Task objective » Give the data below again exactly, and drop each picture from it.

(Beginning of Given information)

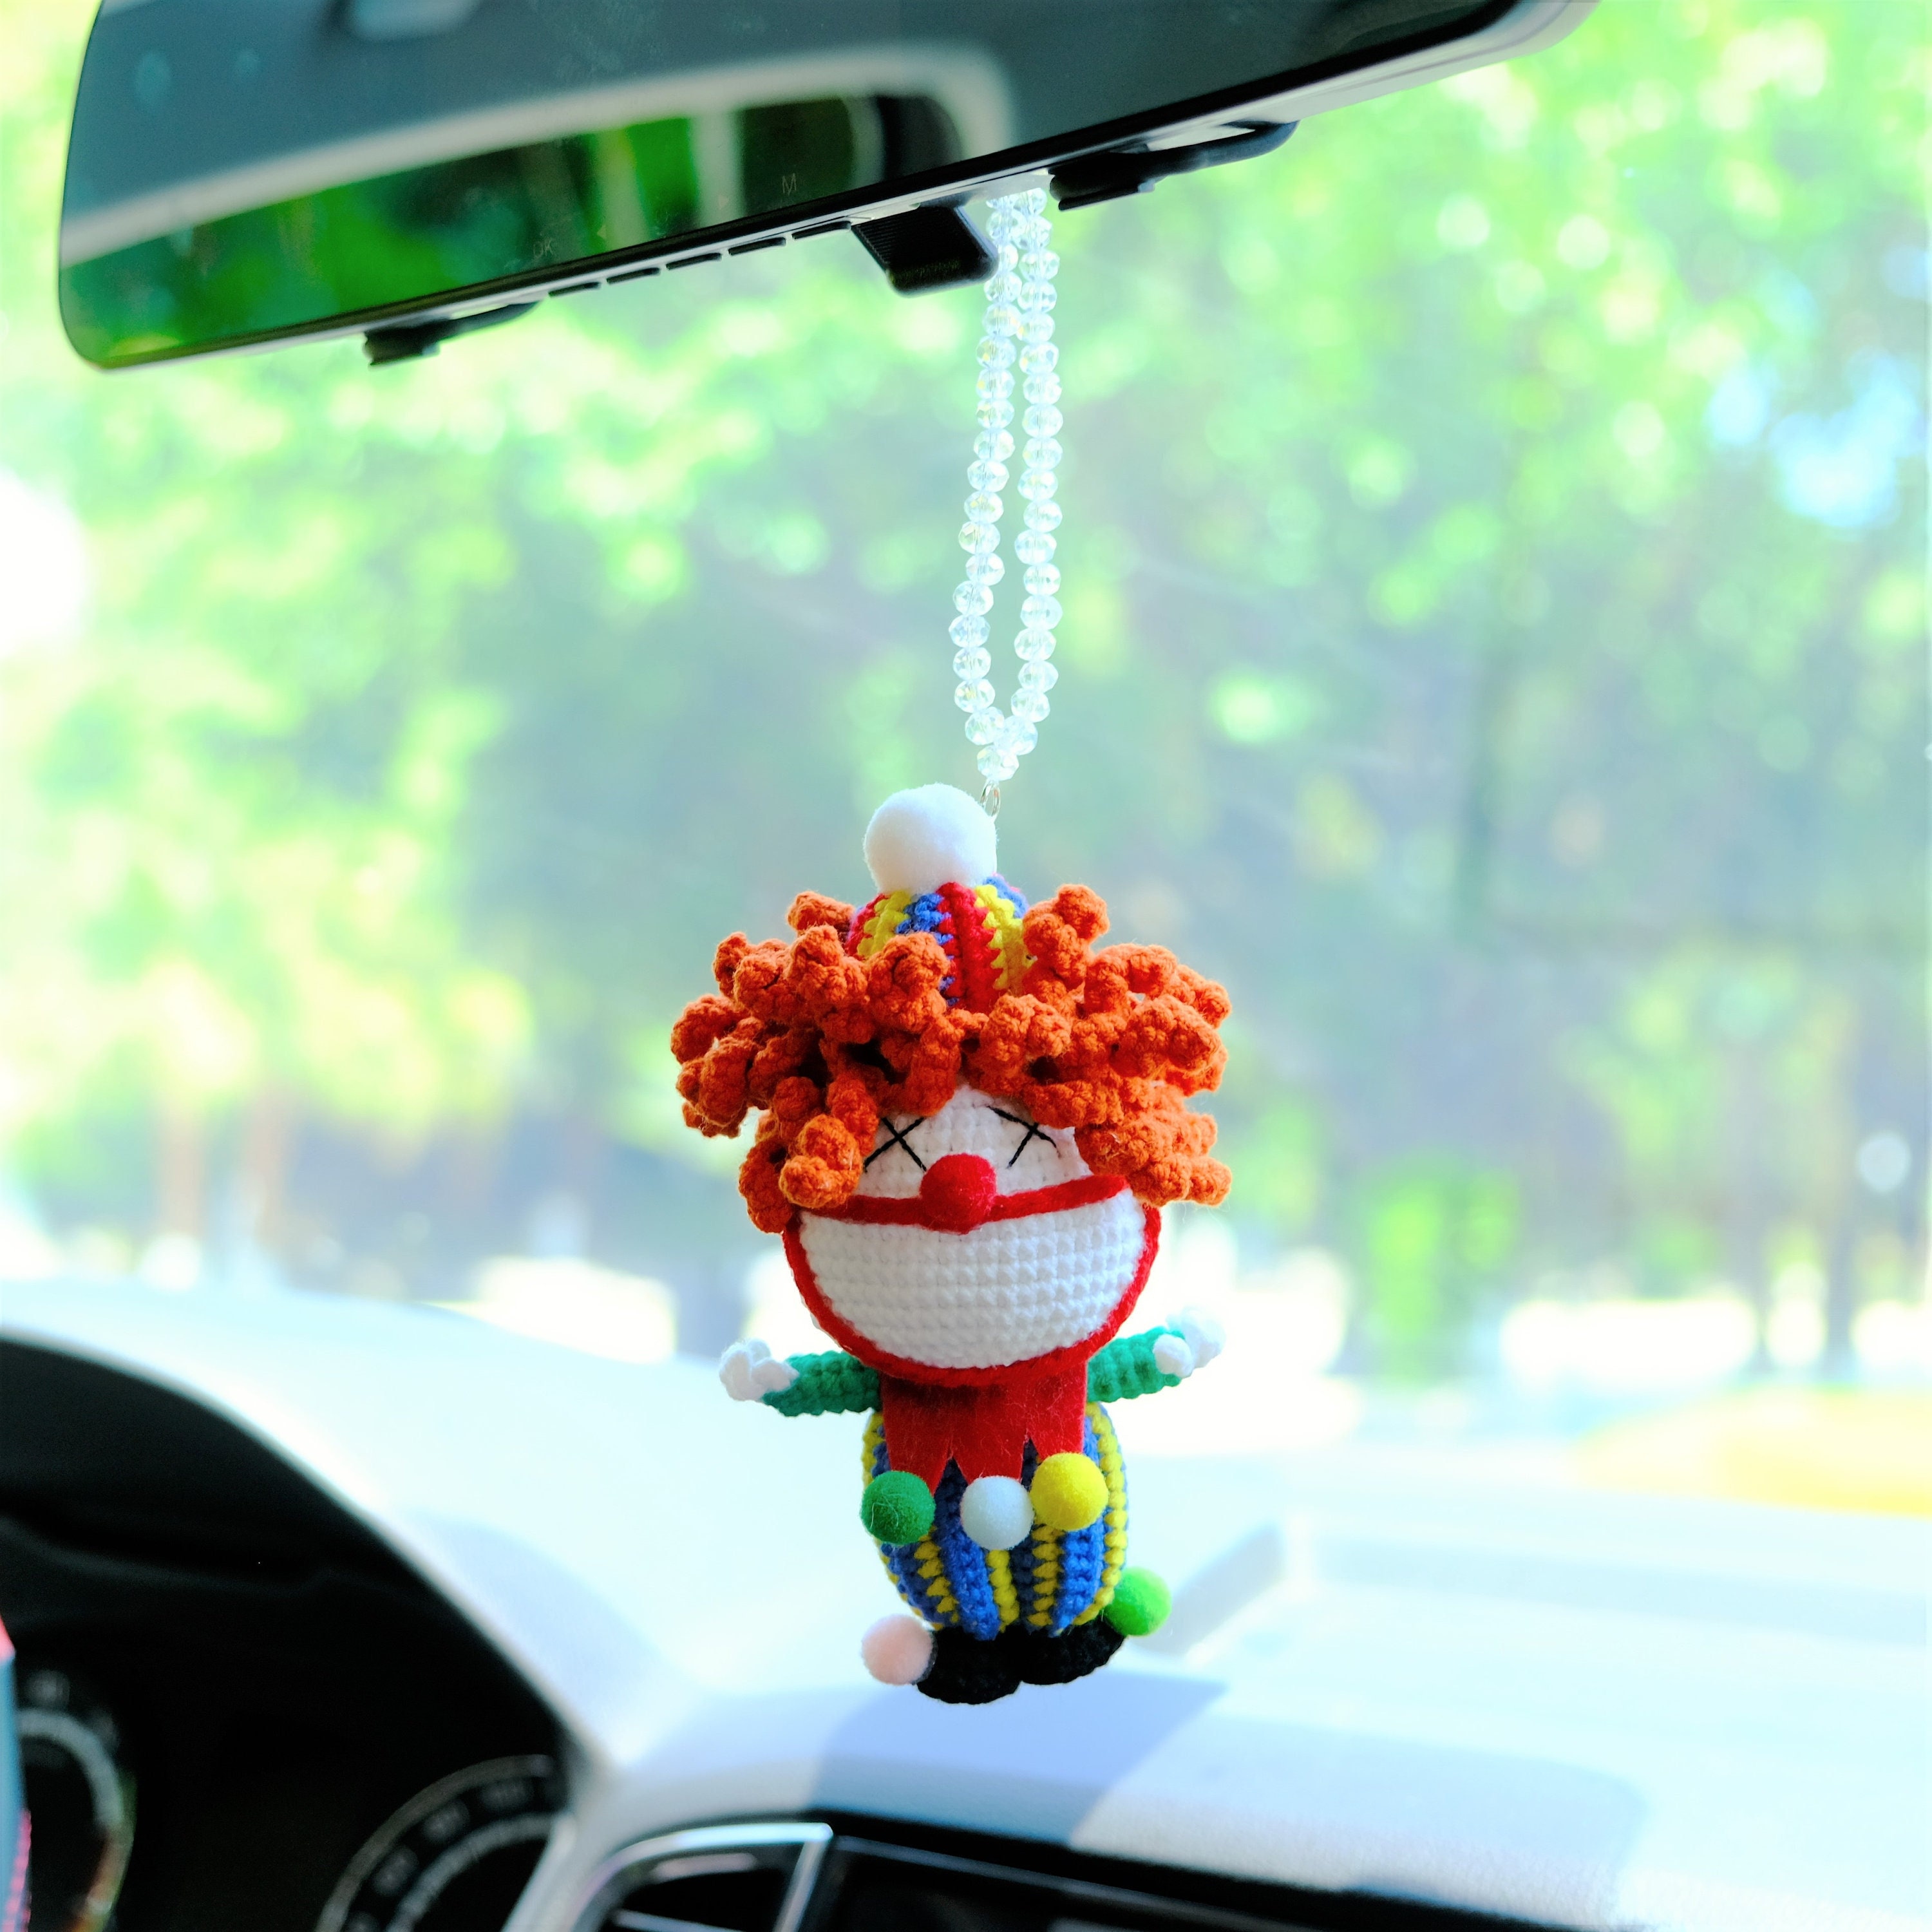 Hanging clown fish for rear view mirror Crochet car accessories
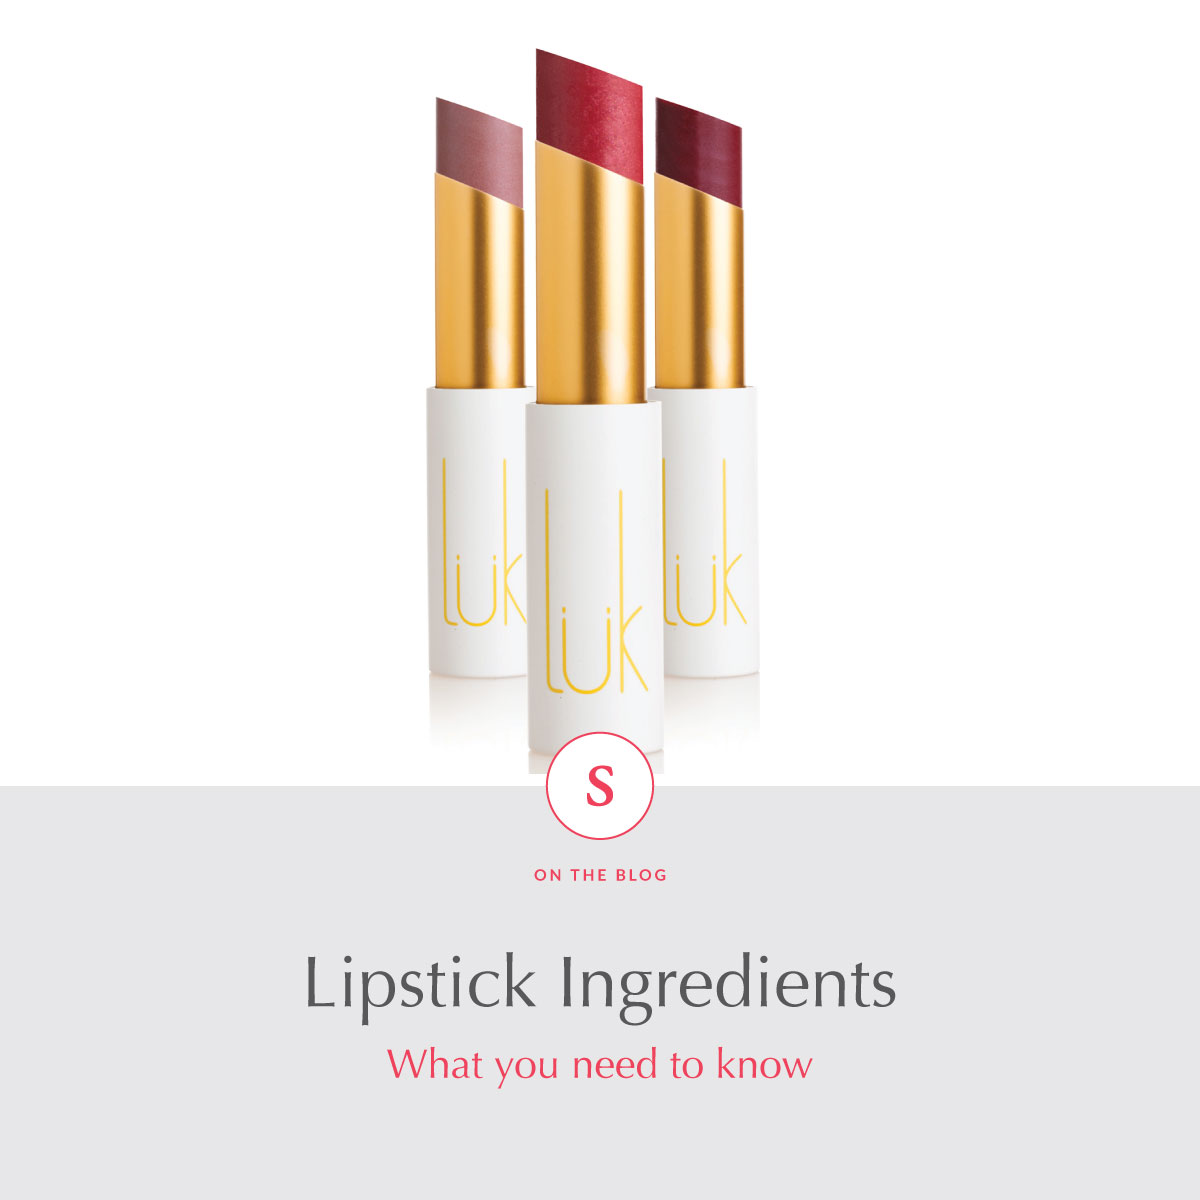 What you need to know about ingredients in lipsticks
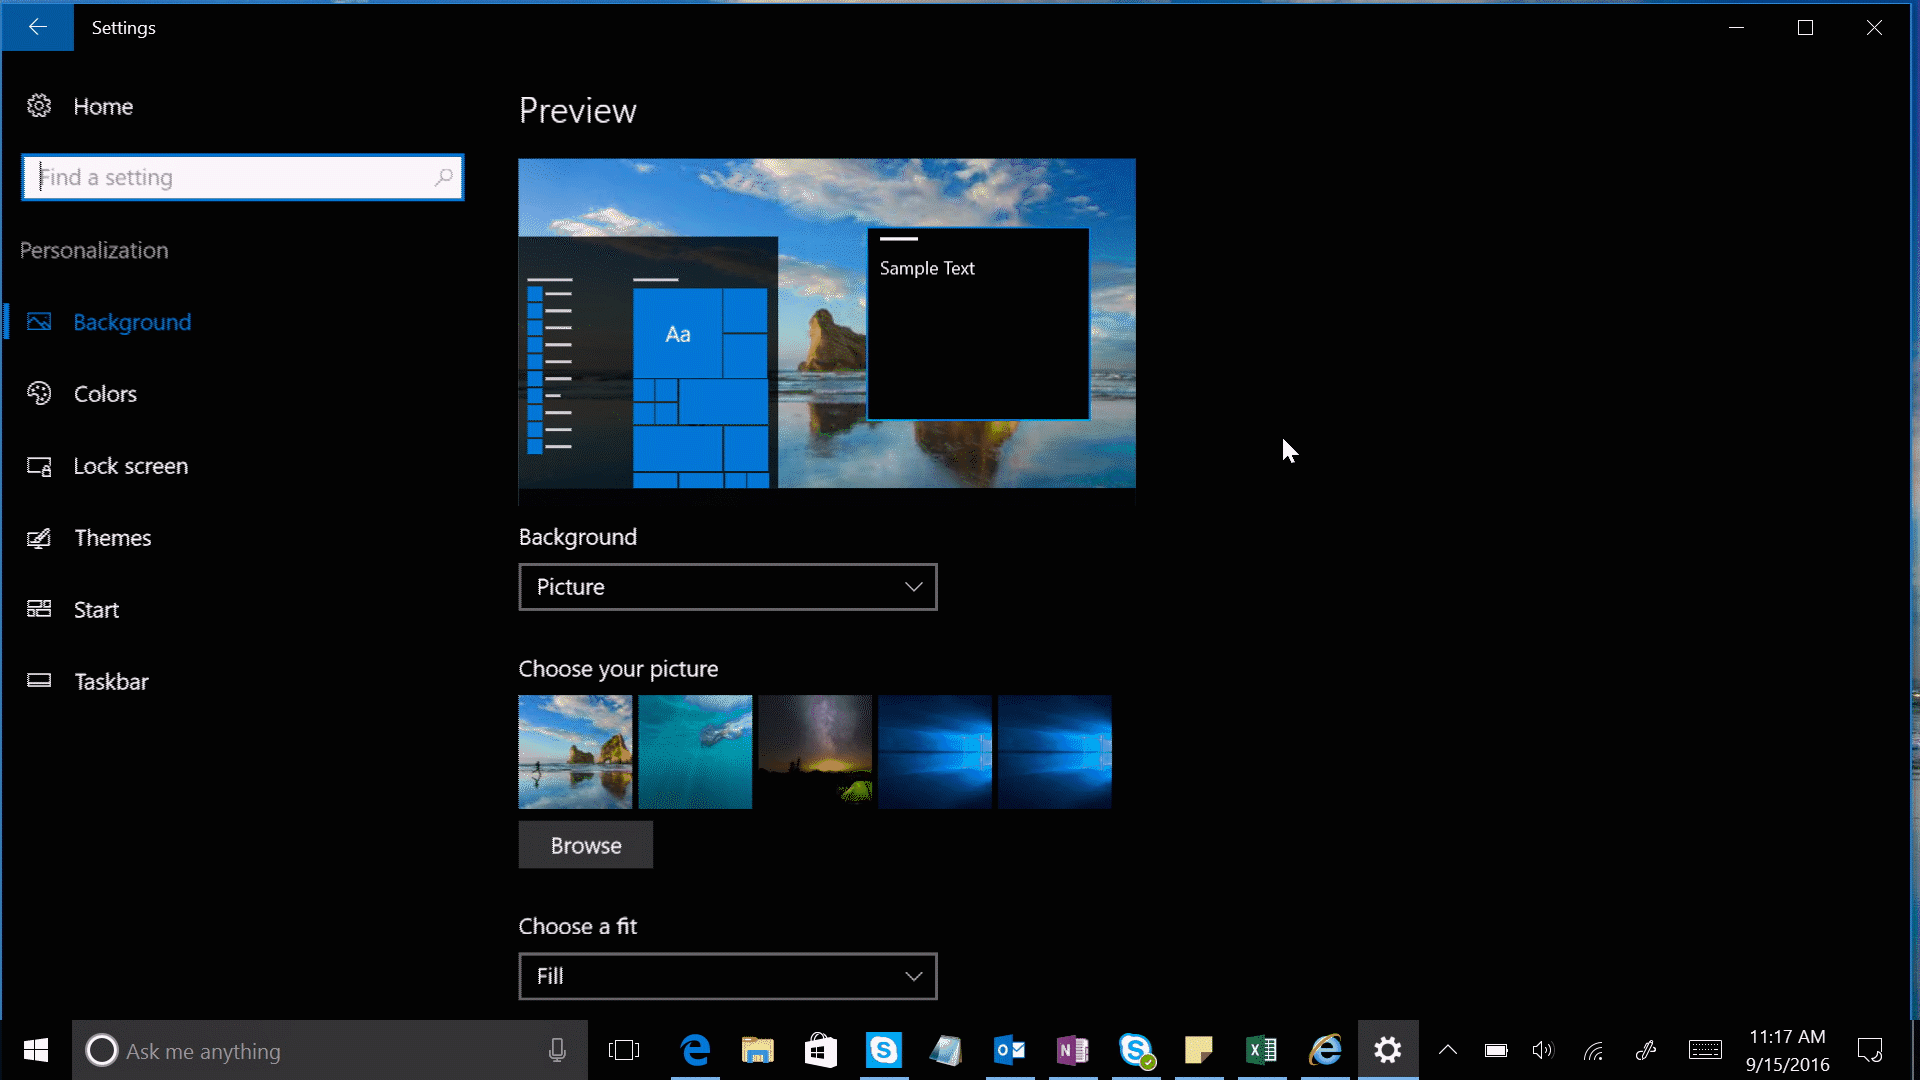 Windows 10 Tip: How to enable Windows Spotlight images on your lock screen  | Windows Experience Blog

(End of Given information)

Answer area »
 Hanging clown fish for rear view mirror Crochet car accessories
 What you need to know about ingredients in lipsticks
 Windows 10 Tip: How to enable Windows Spotlight images on your lock screen  | Windows Experience Blog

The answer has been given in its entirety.